> **AIM OF THE EXERCISE**
Only the pictures are to be left out; return the rest of the data exactly as it stands.

> **DATA EXTRACT**
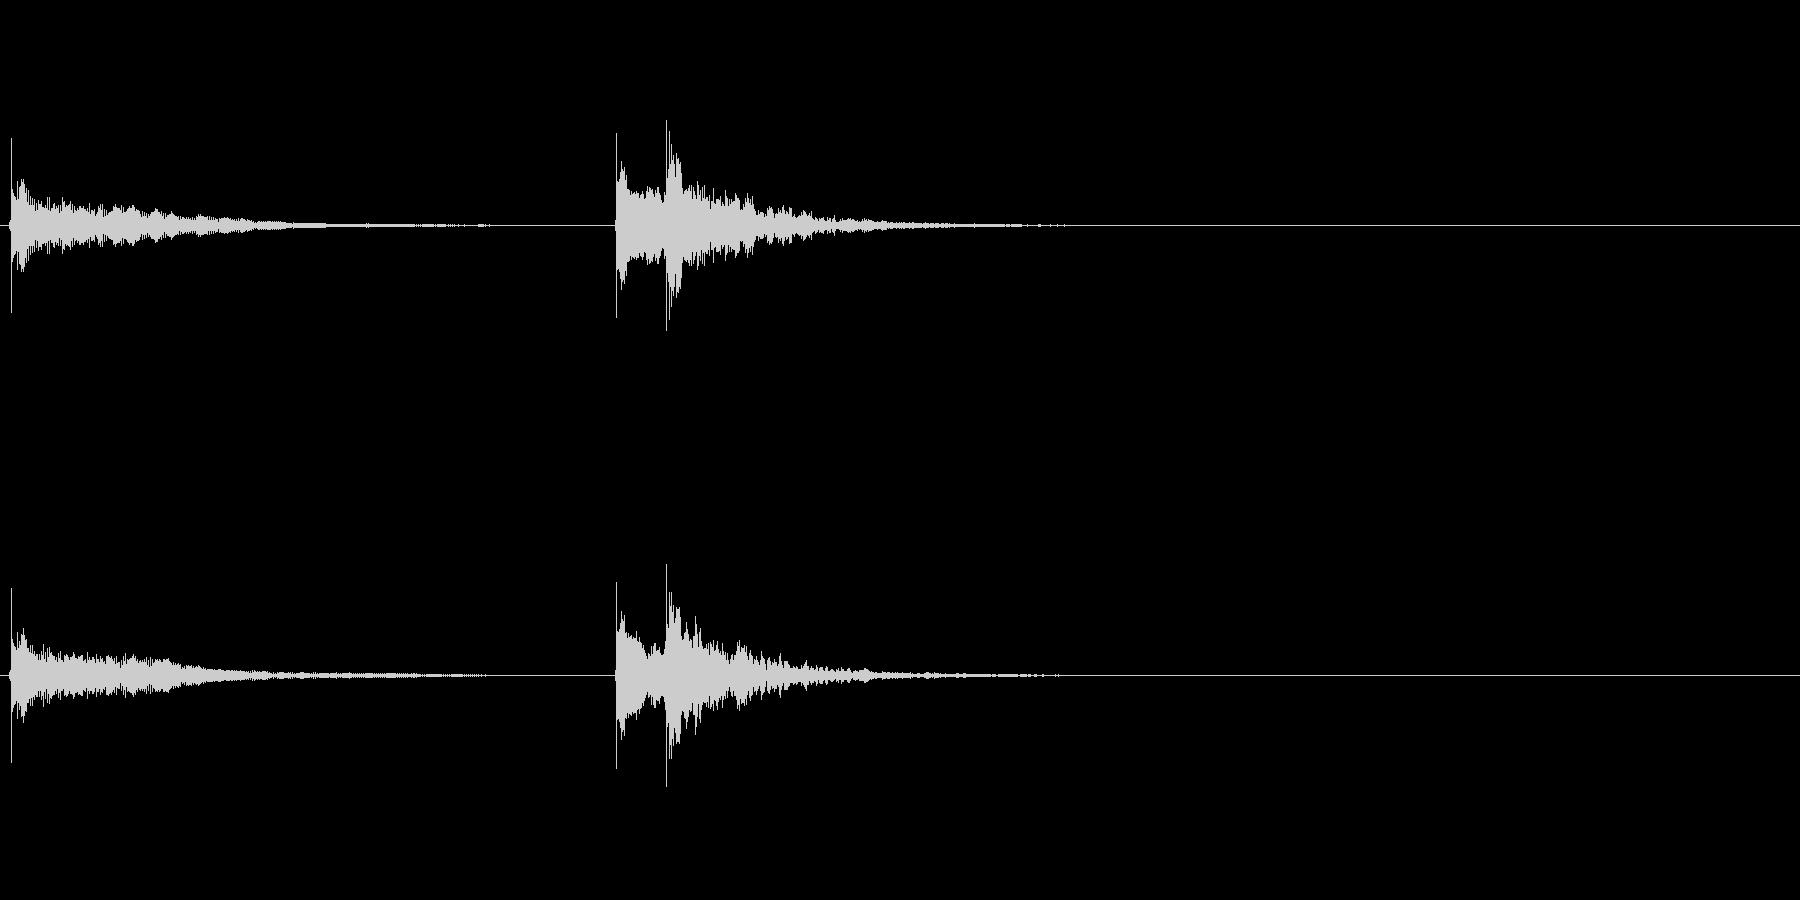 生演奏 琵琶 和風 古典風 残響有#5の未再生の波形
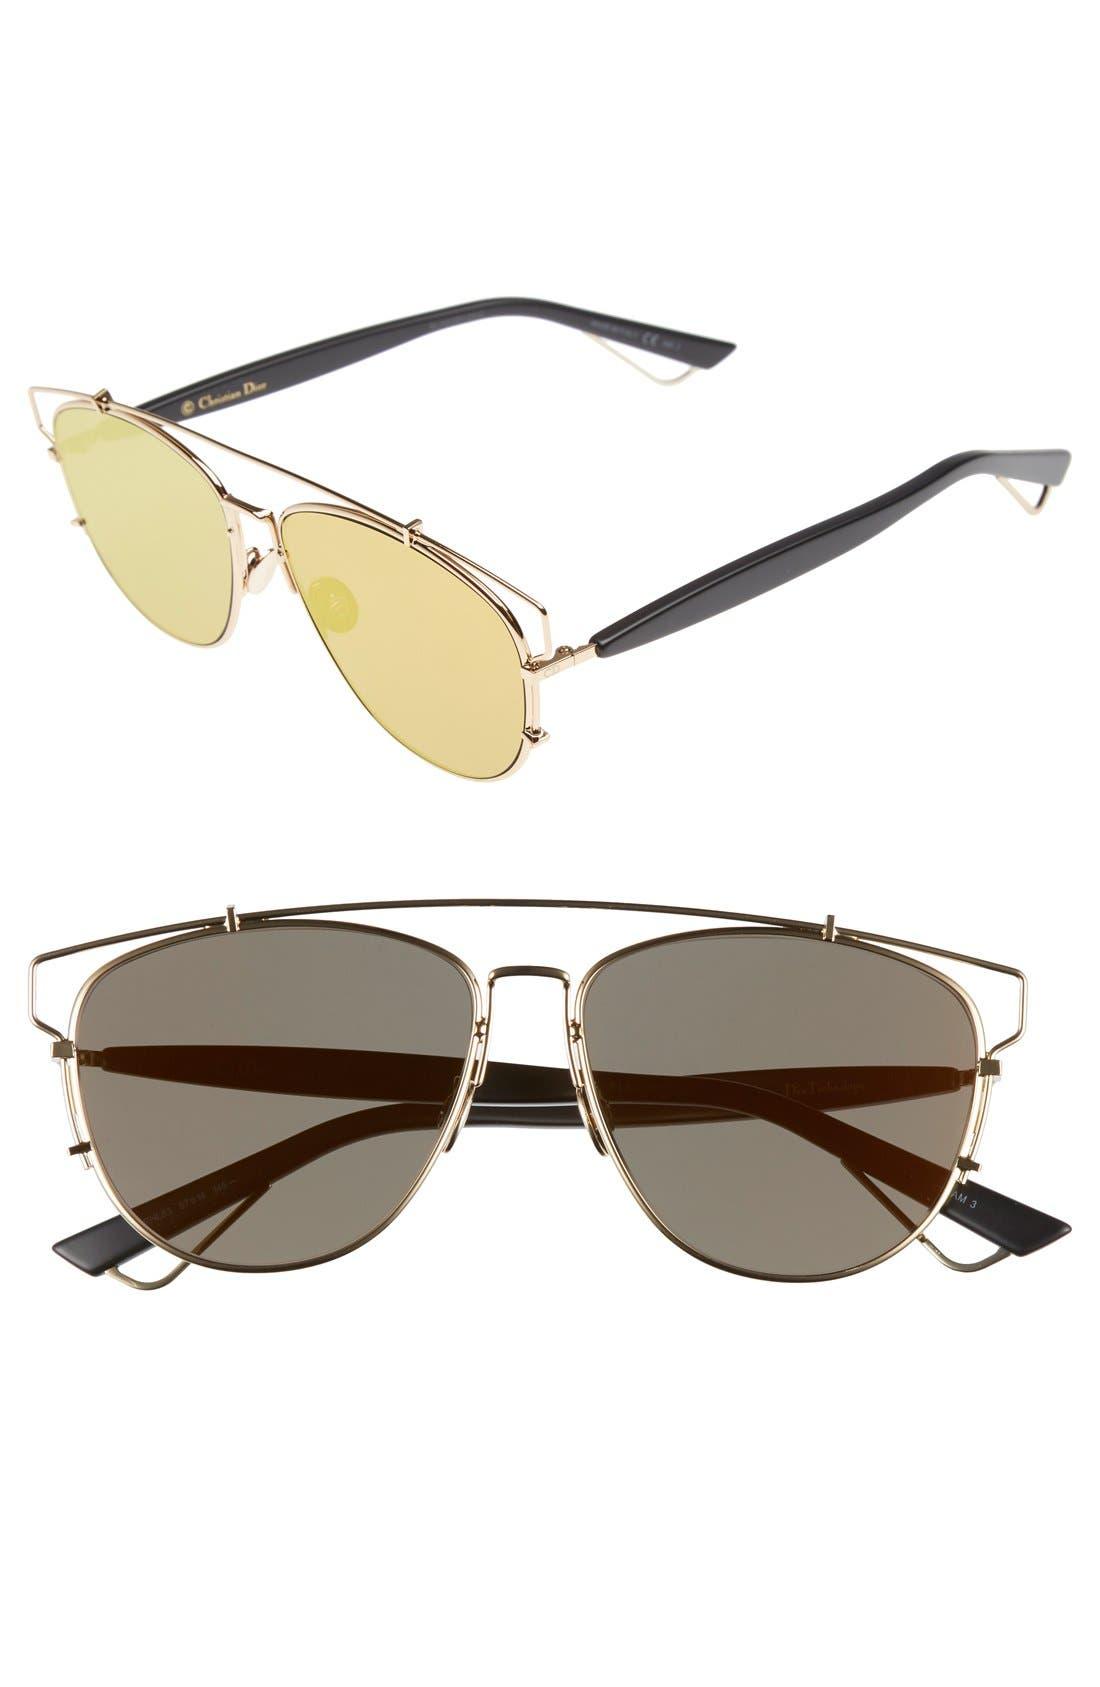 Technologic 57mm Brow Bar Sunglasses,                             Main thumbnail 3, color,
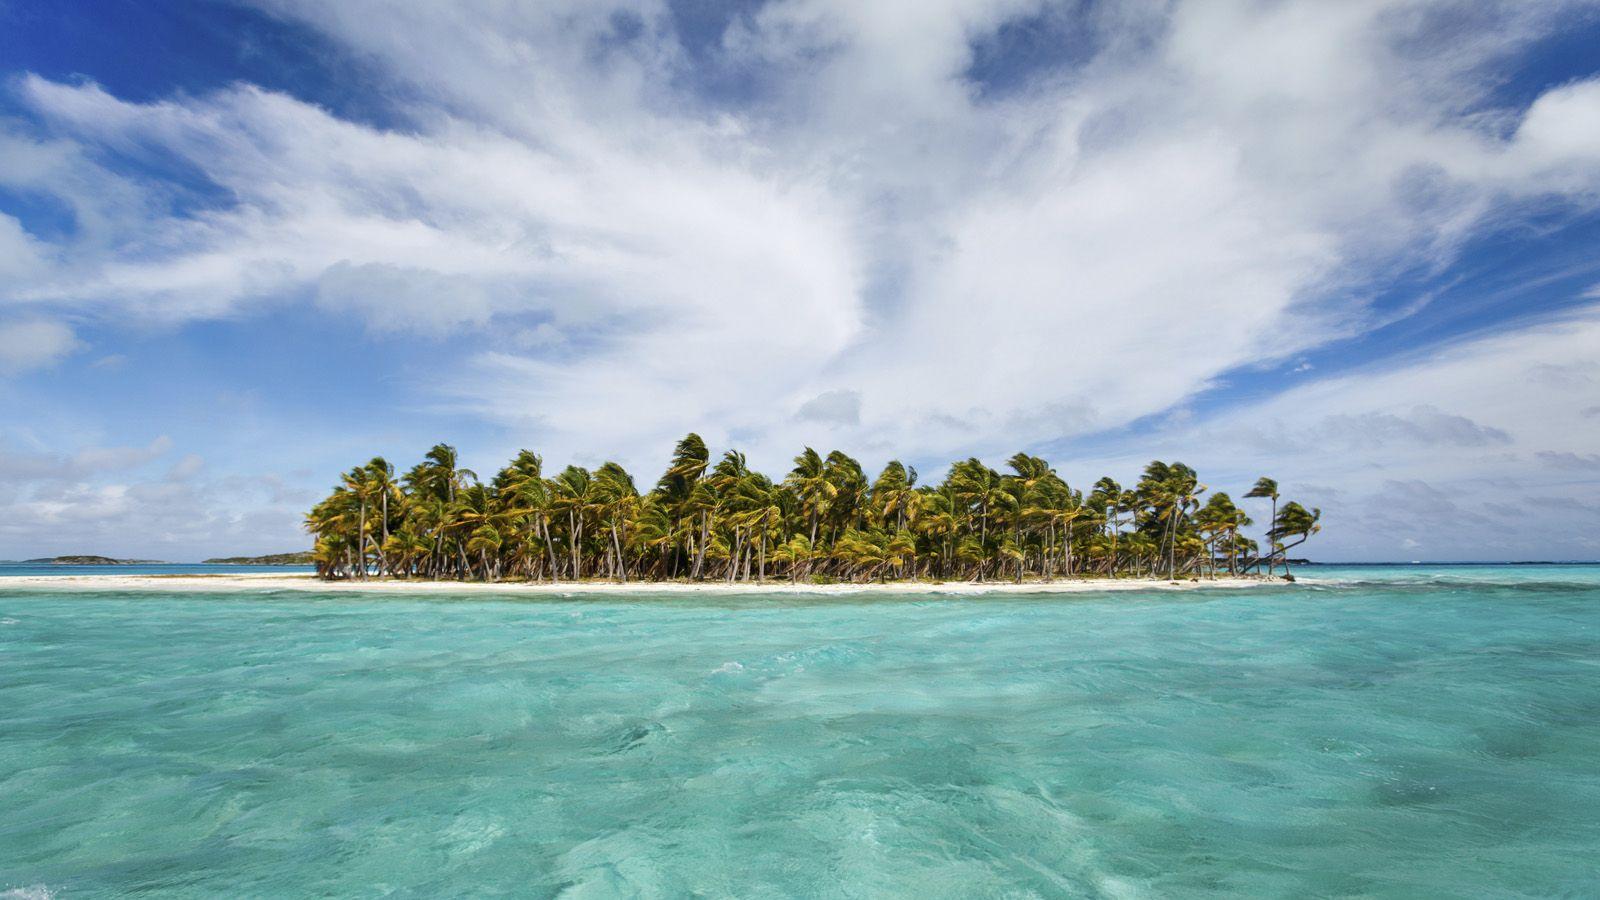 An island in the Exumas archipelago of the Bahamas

> **WRITTEN REPLY**
 生演奏 琵琶 和風 古典風 残響有#5の未再生の波形
 Technologic 57mm Brow Bar Sunglasses,                             Main thumbnail 3, color,
 An island in the Exumas archipelago of the Bahamas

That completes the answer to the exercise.